I'll find an old CANFORGEN and post some details - if he gets compassionate leave there's reimbursement for some travel expenses, up to twice for a family member.


----------



## Klinkaroo (8 Jul 2010)

Here is a nice website that will probably answer a lot of your questions about what is called Compassionate Travel Assistance
http://www.cmp-cpm.forces.gc.ca/dgcb-dgras/ps/db-as/faq/cta-atr-eng.asp
For the most up to date and best information, contact the BOR they will be able to direct you on the proper procedure

For the actual granting of leave that will come from the CO, passed up through the Chain of Command obviously.

Here is a link to the Leave Policy Manual :
http://www.cmp-cpm.forces.gc.ca/dgcb-dgras/pd/lea-con/doc/cflpm-mprcfc-eng.pdf

Chapter 7 Deals with Compassionate leave, some of the points are :
CO may grant up to 14 days of Compassionate leave
The OCC may grant up to 30 days inclusive of any days already given by the CO

I would also recommend talking to the Military Family Resource Center. They have a lot of resources to help in these situation. Also on a personal recommendation you may want to talk with a the base Chaplain. They can help in many different ways and have direct links to high up people and have a significant amount of pull if there are ever any issues.

Best of luck


----------



## Pat in Halifax (8 Jul 2010)

I just went home recently following my mom's passing. The compassionate leave should not be an issue. The CTA on the other hand is not the best - it is taxable (and therefore CPP and EI - 'able')and for me personally I rec'd back less than $500 for a $900+ claim. It is, however, as they say, better than nothing. Tell your hubby to talk to a clerk. The CBIs have little 'add ons' and addendums which only ORs seem to be able to access.


----------



## Pusser (12 Jul 2010)

Don't sweat the CPP and EI aspects of CTA.  There is a maximum amount of CPP and EI that each person pays every year and most members of the CF will pay that maximum amount before the year ends (junior privates, ordinary seamen and some officer cadets maybe not).  Therefore, you will most likely get back any CPP or EI that is deducted from CTA either because it won't be deducted from your salary later in the year, or you will get it refunded on your income tax return.  You don't have to do anything to ensure this happens.  It all comes out automatically in the wash.

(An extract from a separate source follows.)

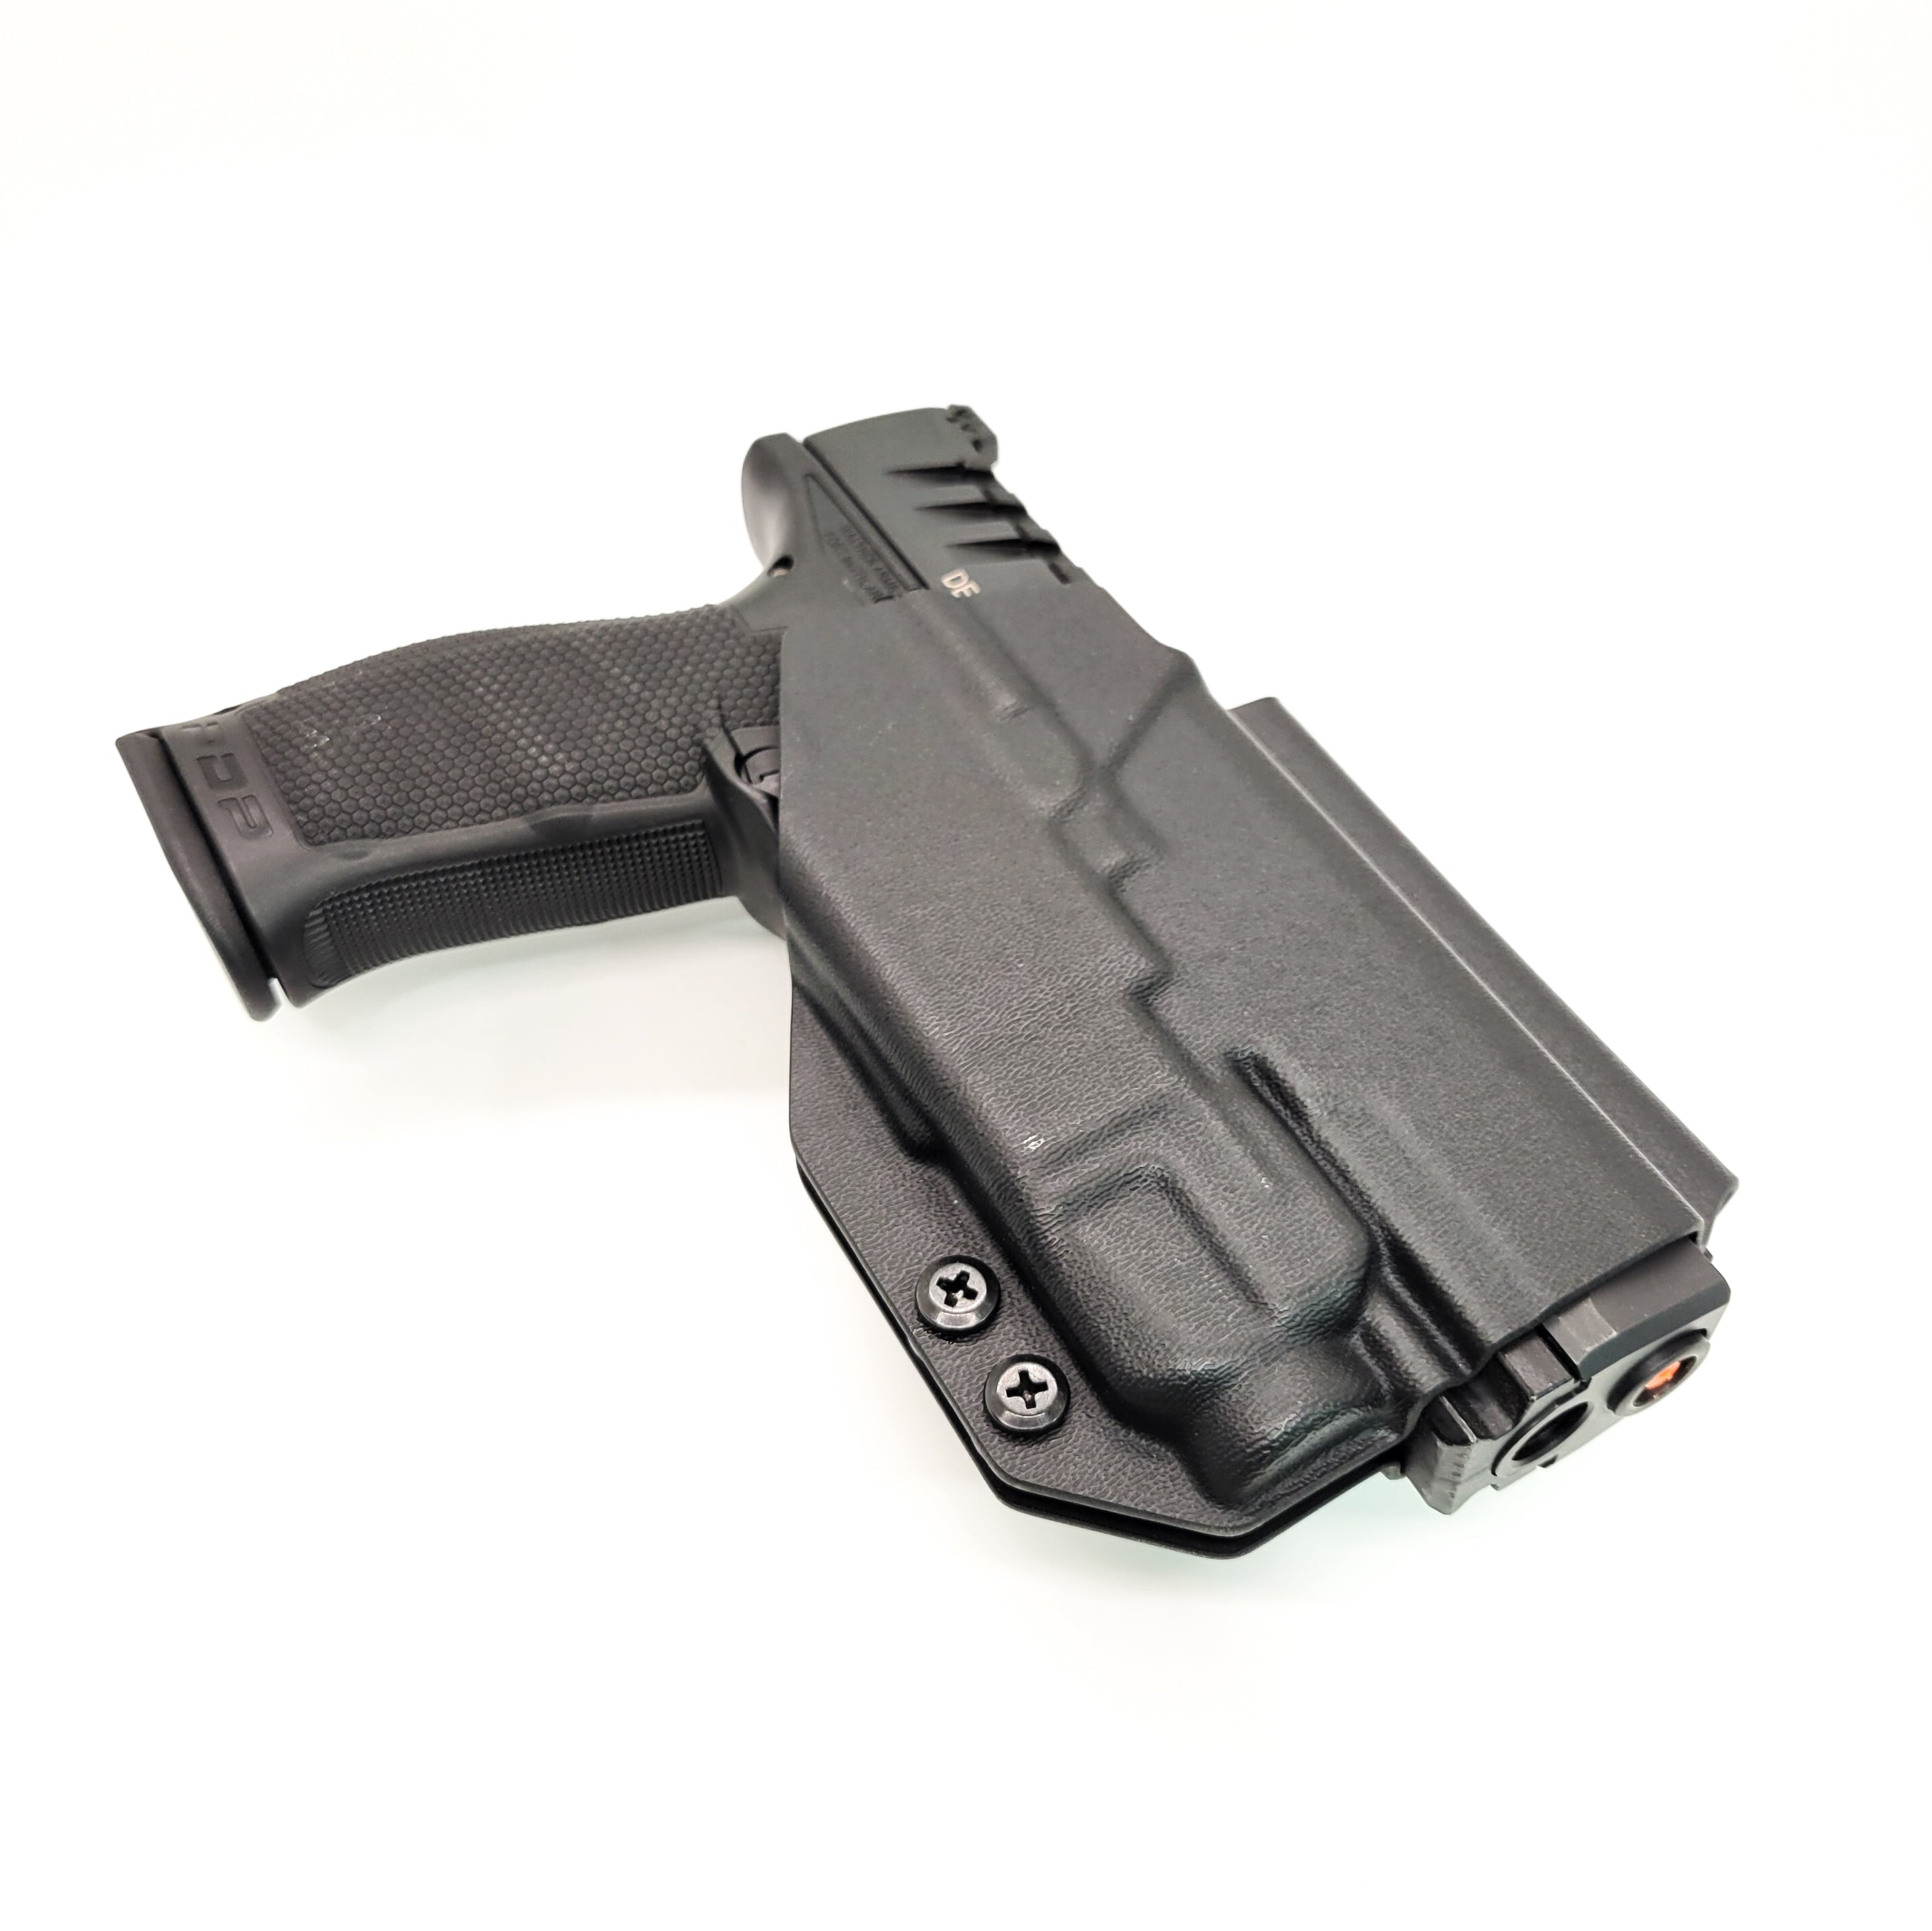 For the best Outside Waistband Taco Style Holster designed to fit the Walther PDP Compact 4" pistol with the Streamlight TLR-7A or TLR-7 mounted on the firearm, shop Four Brothers Holsters. Cut for red dot sight, full sweat guard, adjustable retention & open muzzle for threaded barrels & compensators.

There are no military flights available for this sort of thing ("Blue Barks" disappeared a long time ago).  The only way you can catch a ride on a military aircraft is if all the stars align and you happen to be in the right place at the right time (i.e. it helps to know someone who knows where the training flights are going and whether there's room for passengers and even then, no one is able to just sneak you onto a plane).


----------



## TimBit (13 Jul 2010)

From 2 AMS website (on the DIN if you have access http://trenton.mil.ca/8WingUnitsOperational/2AirMovSqn/CompassionateTravel_eng.asp):
"Compassionate leave travel may be authorized for:

The death or serious illness of a family member, or critical illness or injury, such that the patient’s life is in immediate danger; or


Traumatic situations relating to a family member due to severe injury, disease or trauma that could have detrimental and significant impact on the member's ability to perform his/her duties.

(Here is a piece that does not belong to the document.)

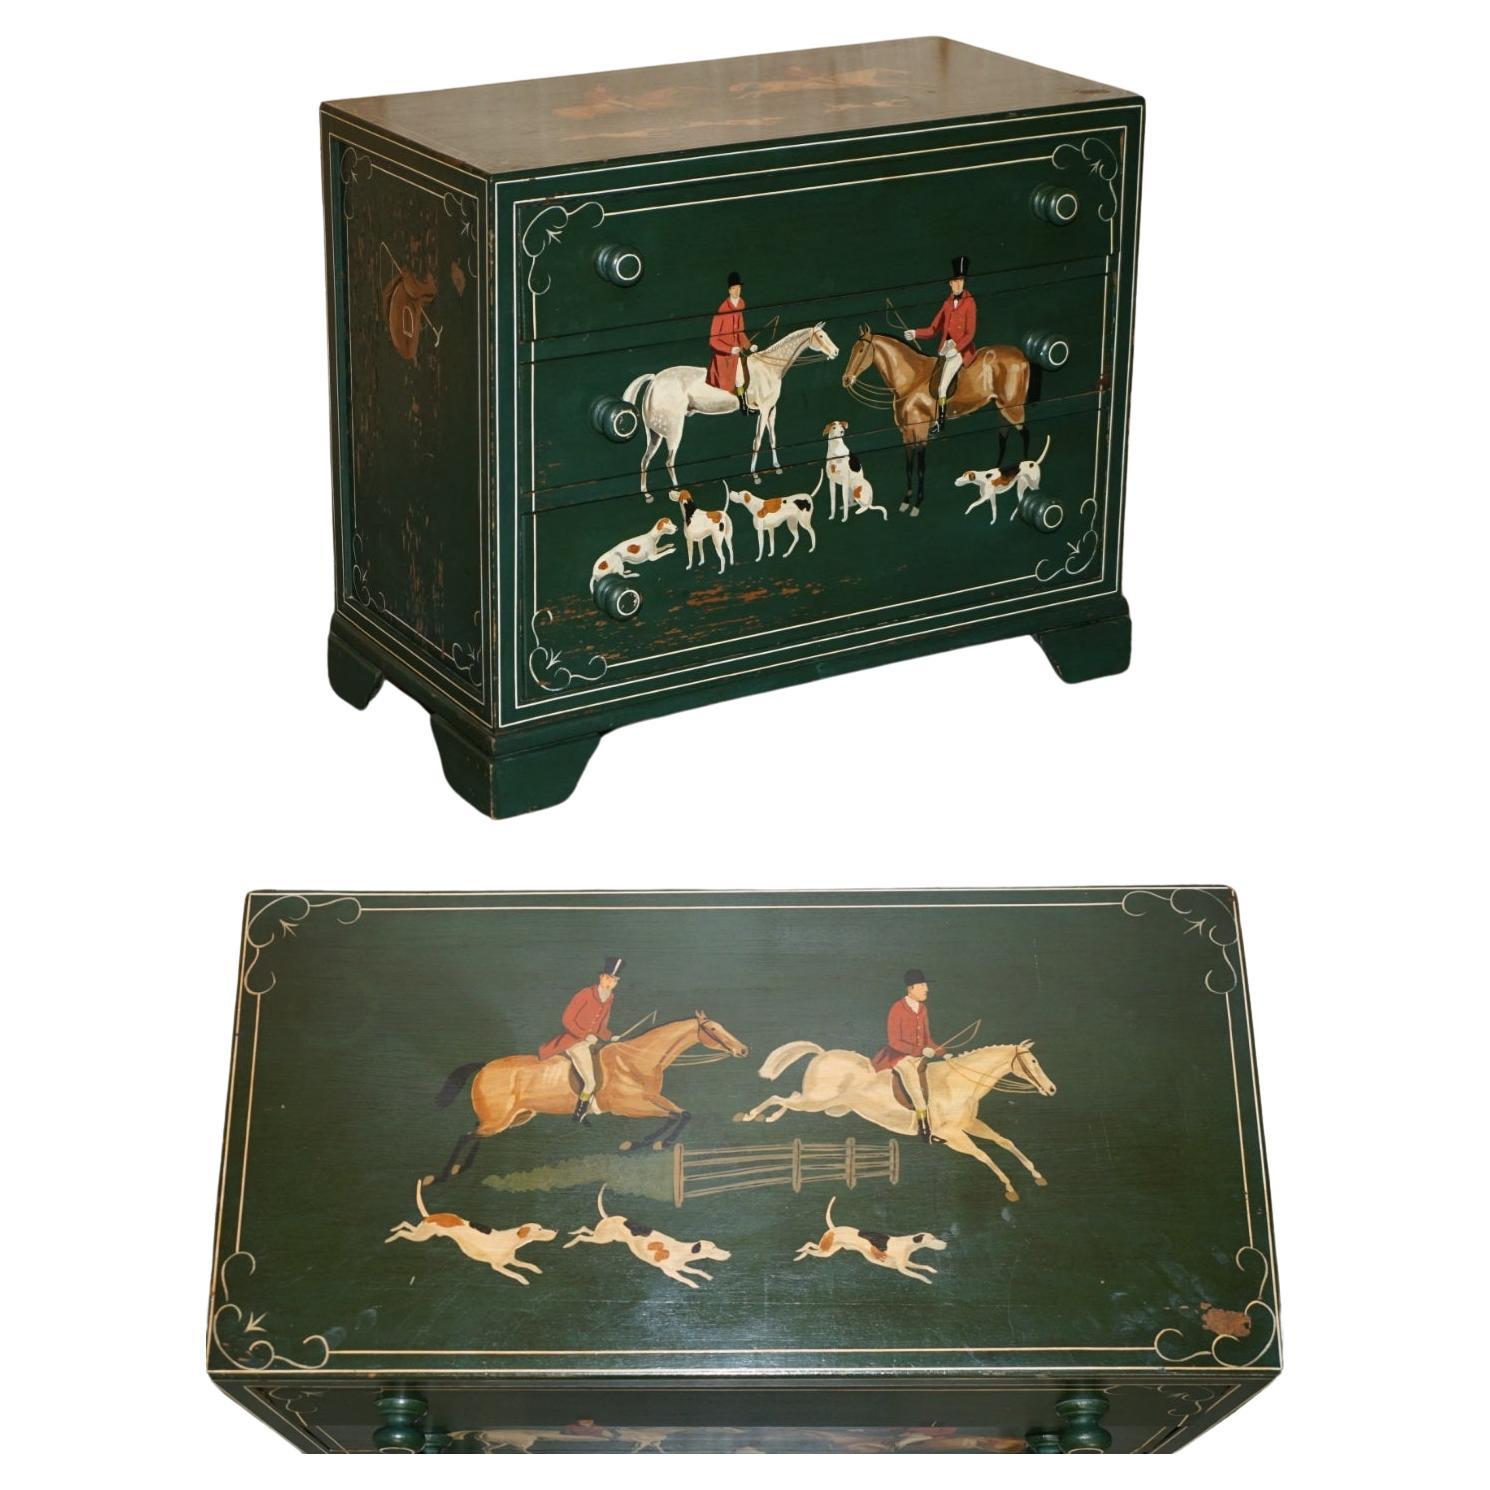 LOVELY ANTiQUE CIRCA 1900 GREEN PAINTED CHEST OF DRAWERS DEPICTING HORSE & RIDER For Sale

Applicants must have a valid TAN (travel authorization number) before the booking will be made. Without a valid TAN, reservations will not be accepted. Reservations may be requested only by telephone as soon as the compassionate leave has been approved. 

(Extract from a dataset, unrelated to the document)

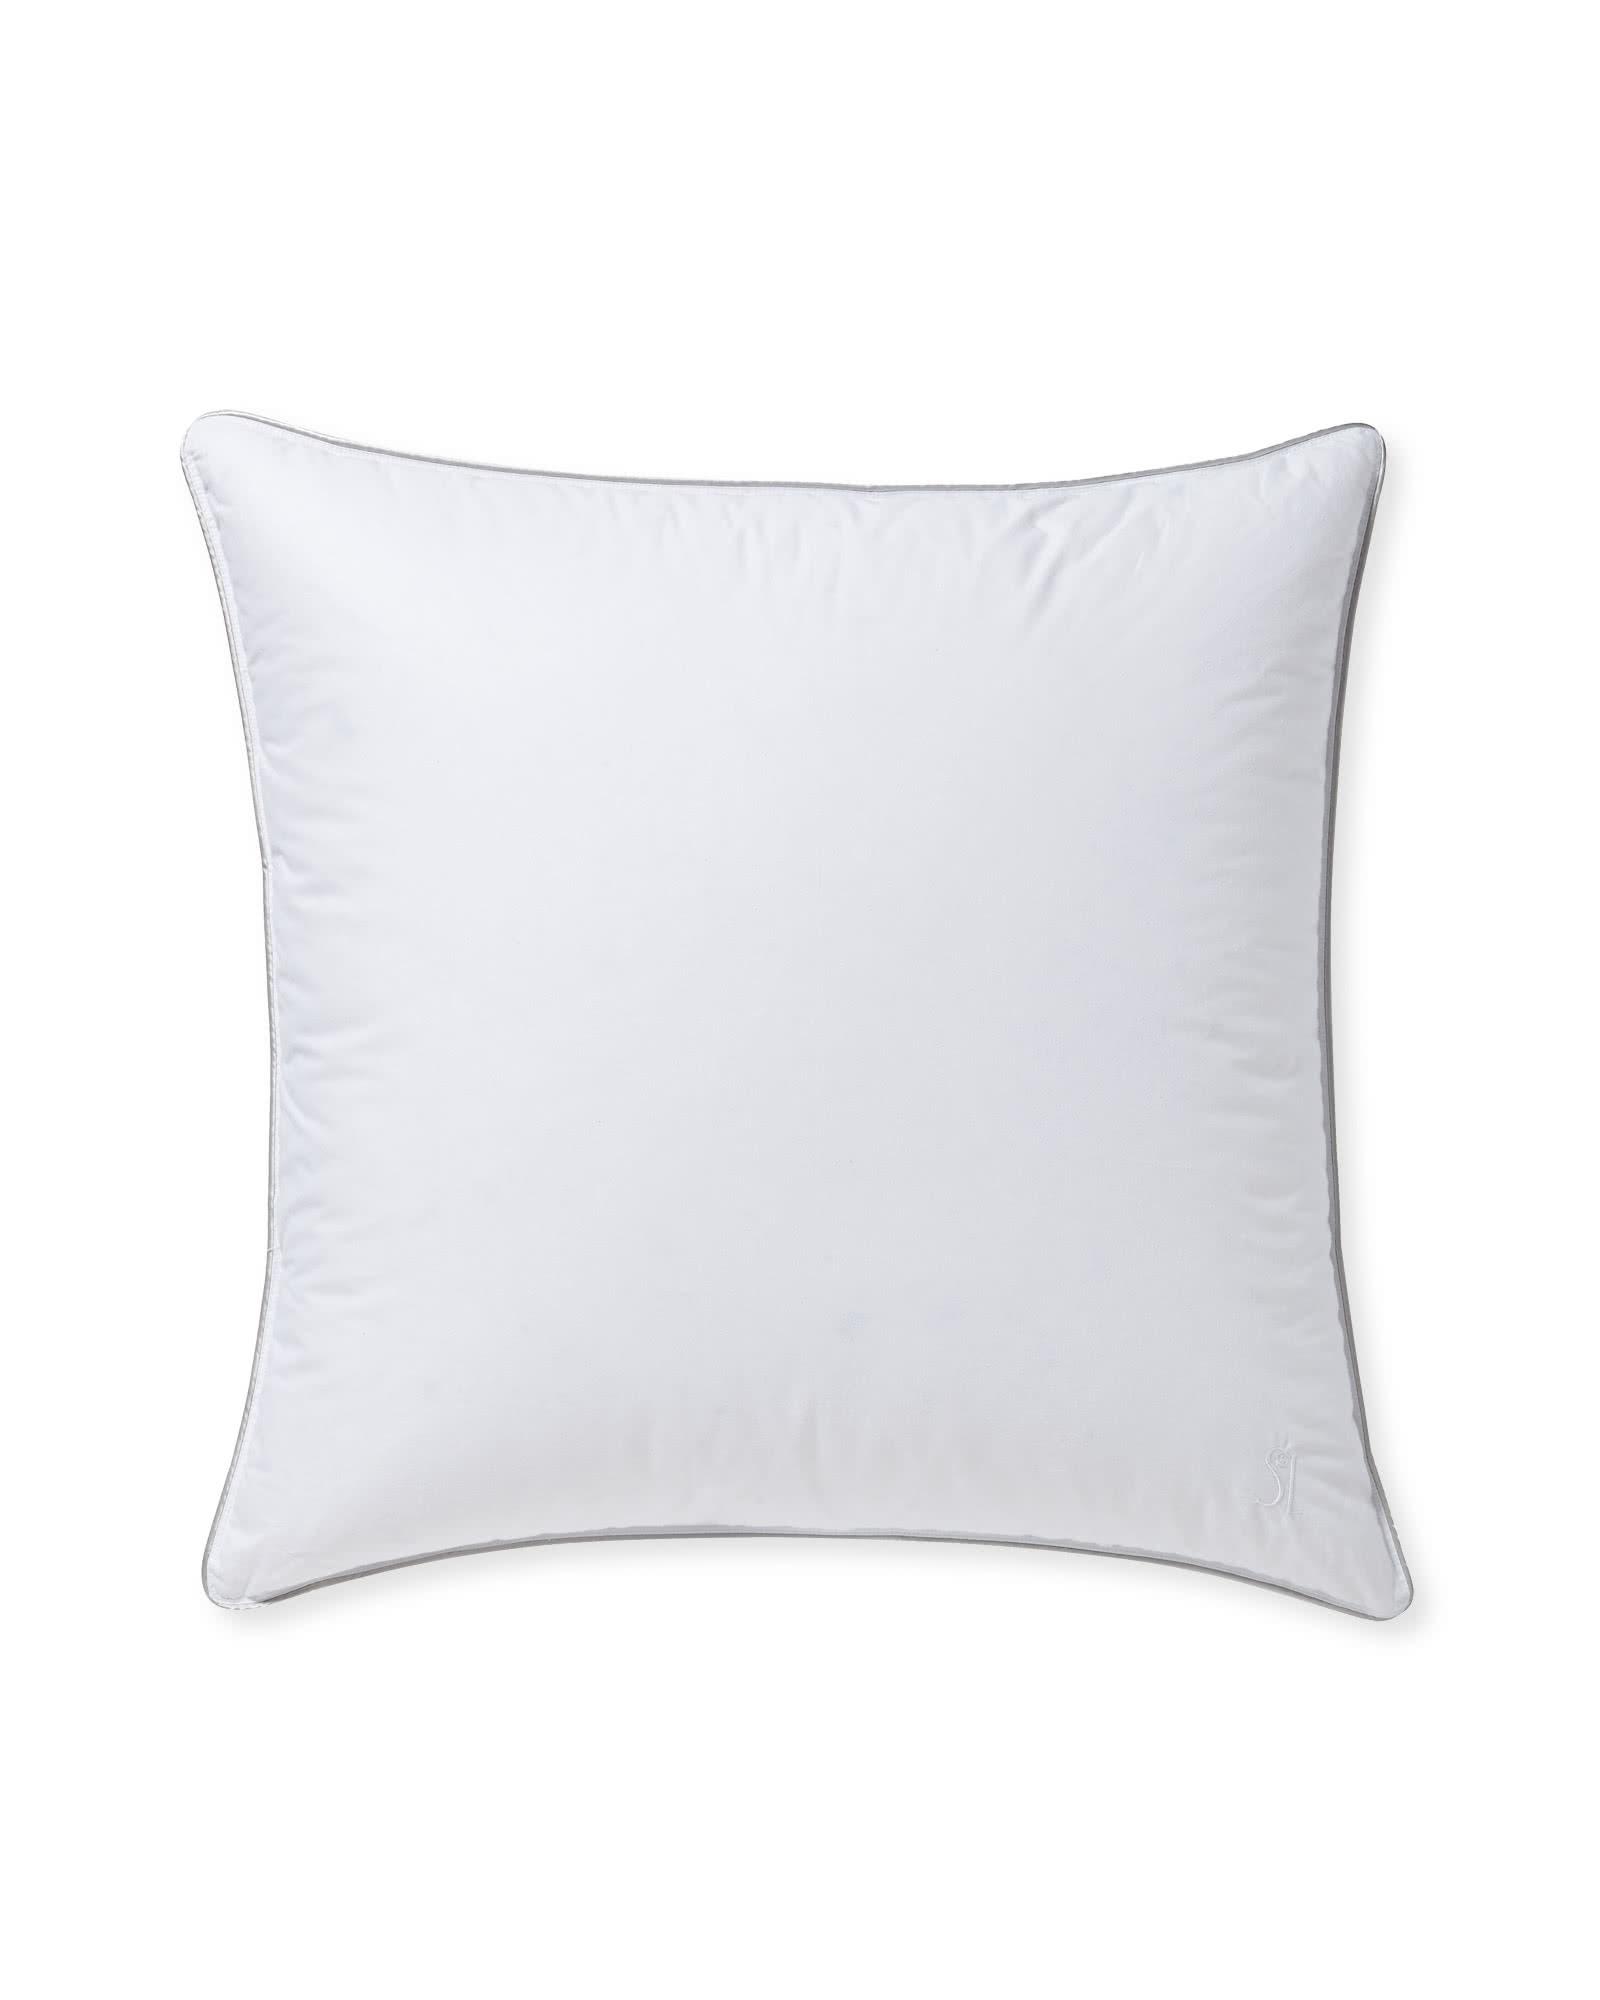 Goose Feather Throw Pillow Insert, White Bed And Couch Pillows

During normal working hours contact NPSC and follow the instructions for compassionate travel. During silent hours, weekends and holidays contact 2 Air Mov Sqn at 1-800-487-1186. 2 Air Mov Sqn is to be contacted for emergency compassionate travel that cannot wait until the next business day.

If space is not available a standby request may be made. Standby requests should be made through NPSC or 2 Air Mov Sqn. Standby applicants not able to register may proceed directly to the air terminal and wait for a seat to become available.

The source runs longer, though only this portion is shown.